Потускневший и кое-где облущенный лак на красном дереве свидетельствовал о расточительстве прежних интендантов. Диваны вдоль переборки лоснились вышарканными кожаными припухлостями.

На полотнах в витиеватых рамах безвестный подражатель Айвазовскому сталкивал фрегаты в абордажных, борт к борту, атаках или топил их в ураганных штормах. Цвета потускнели от времени: художник использовал дешевые краски.

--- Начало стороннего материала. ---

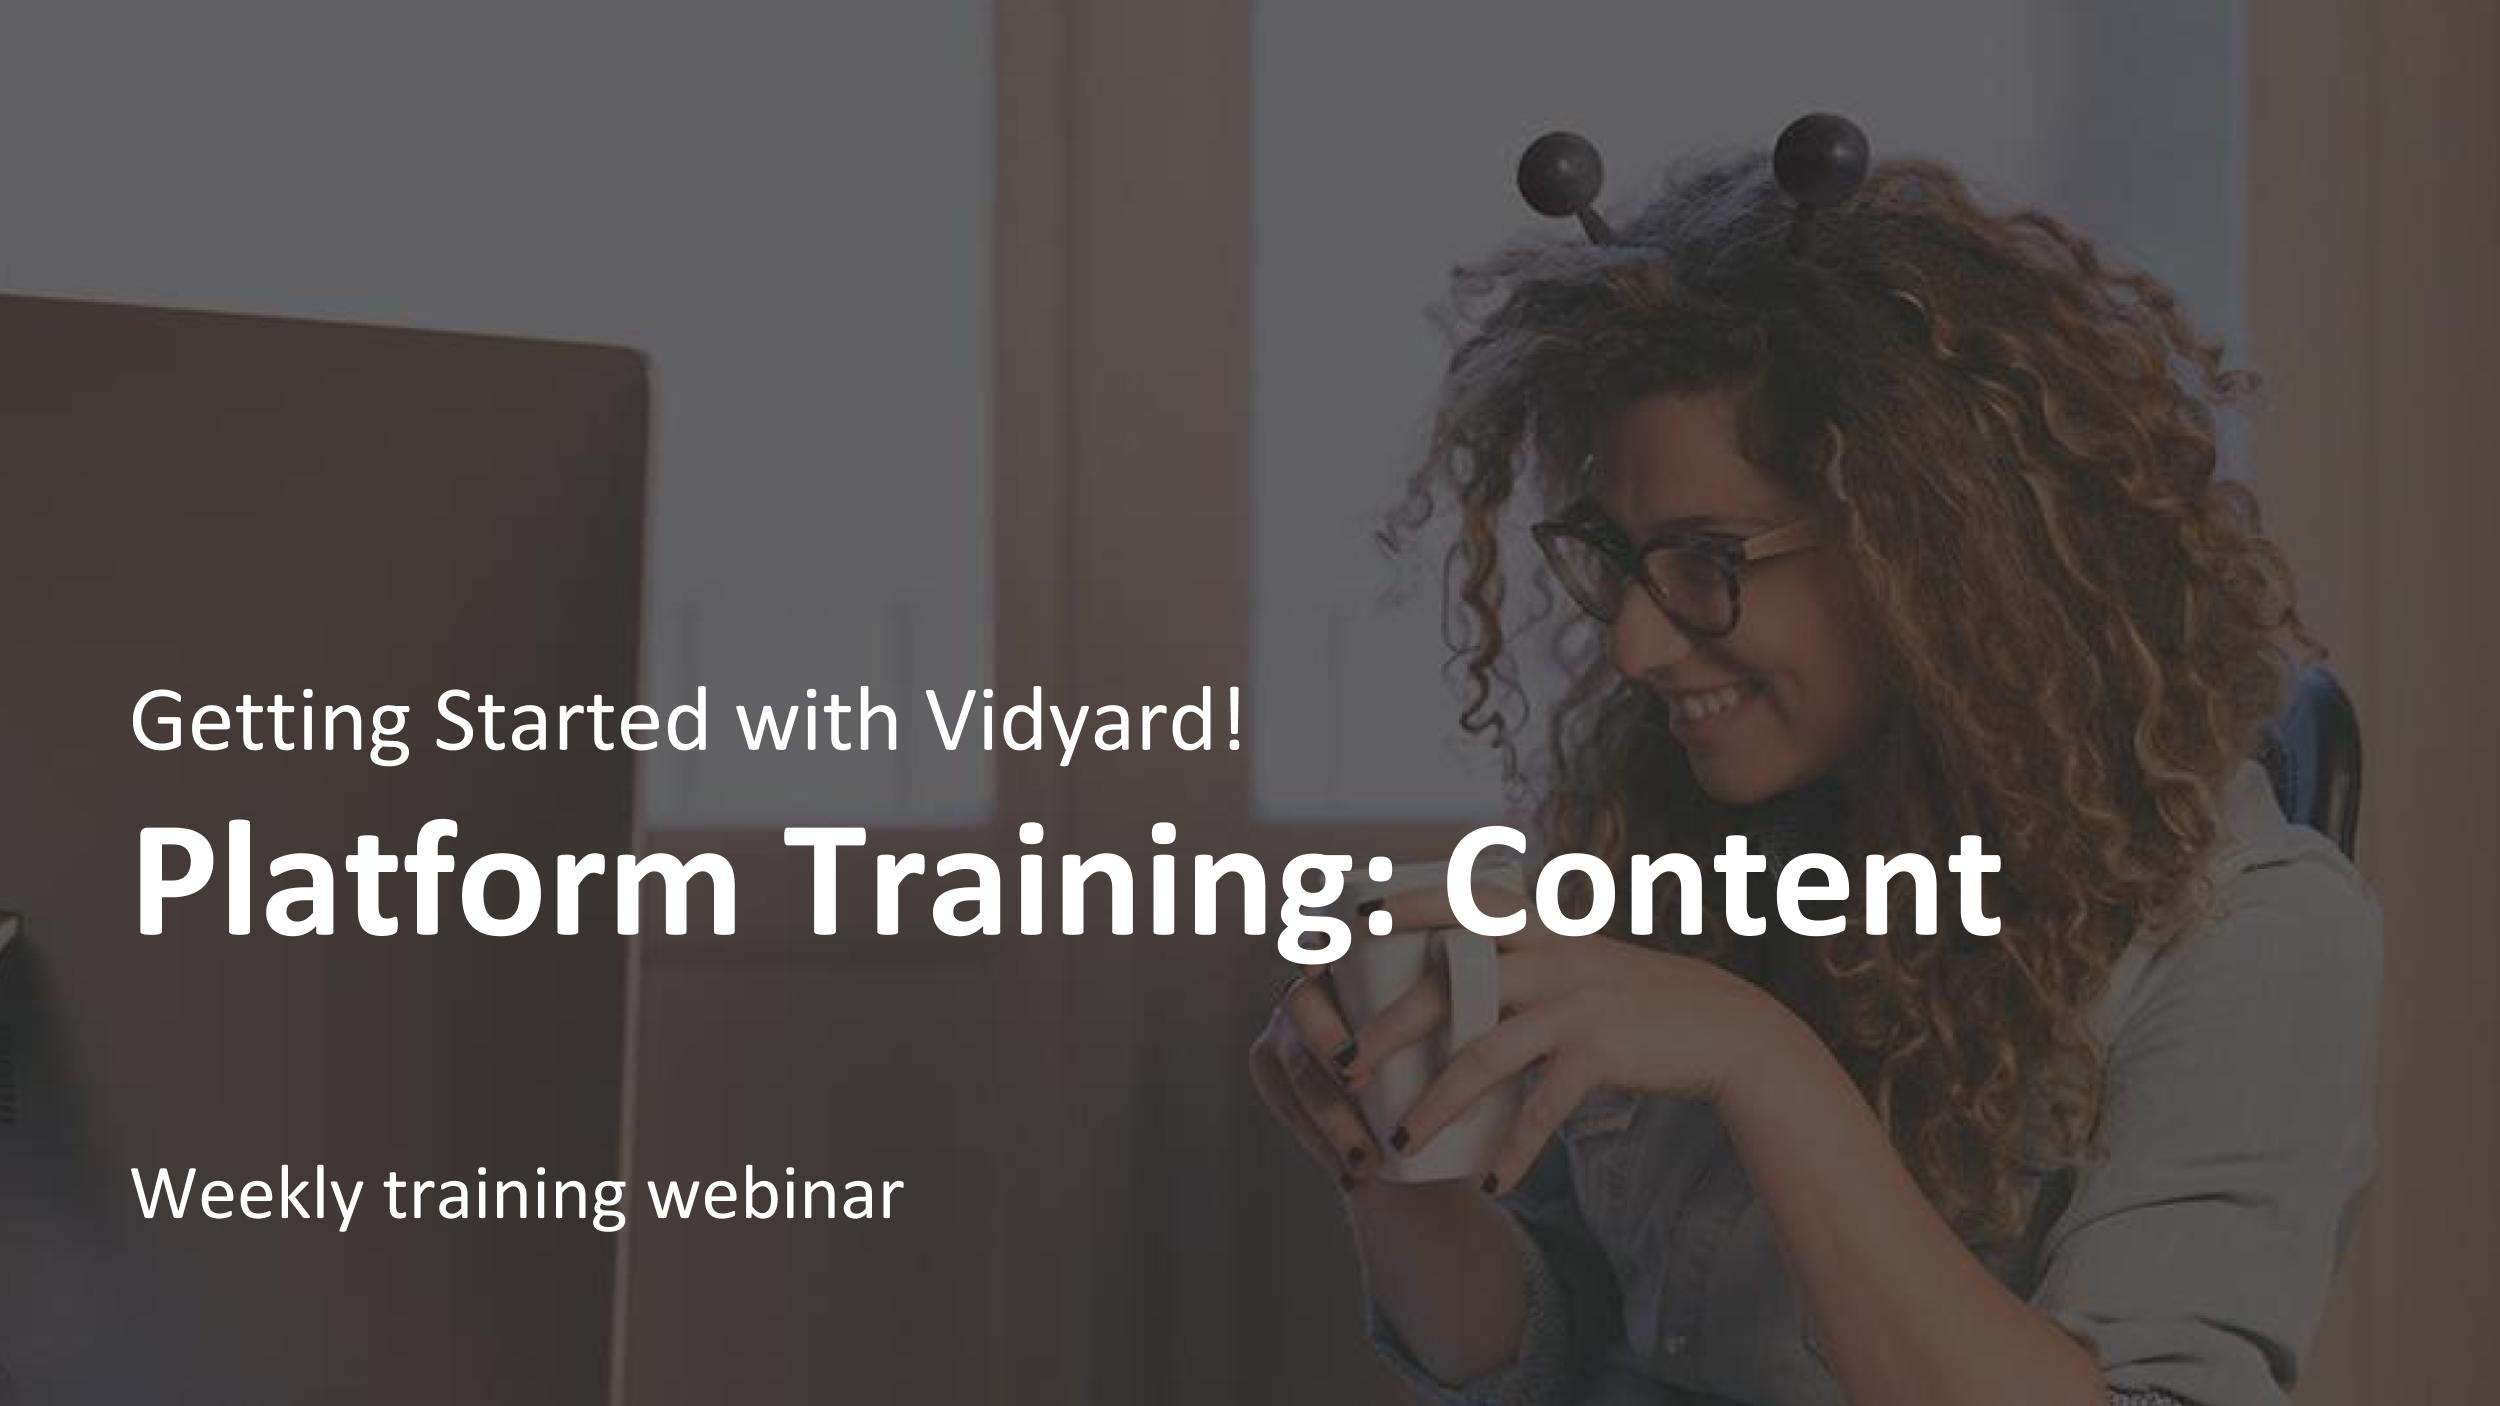 Vidyard Platform Training Webinars (2 parts)

Но сегодняшнее прозябание принадлежащего невесть кому – России или Украине – корабля откладывало восстановление былого великолепия на неопределенный срок.

Старпом ткнул окурок в пепельницу, смаклаченную умельцем-матросом из крышки списанного компаса. Несмотря на стесненное финансовое положение, он продолжал курить стильный «Кент». Считал ниже своего достоинства переходить на дешевые табачные суррогаты.

– Ярослав Данилович, а может, пошлем Главкома с его Верховной Радой подальше и останемся в России? – спросил старпом капитана.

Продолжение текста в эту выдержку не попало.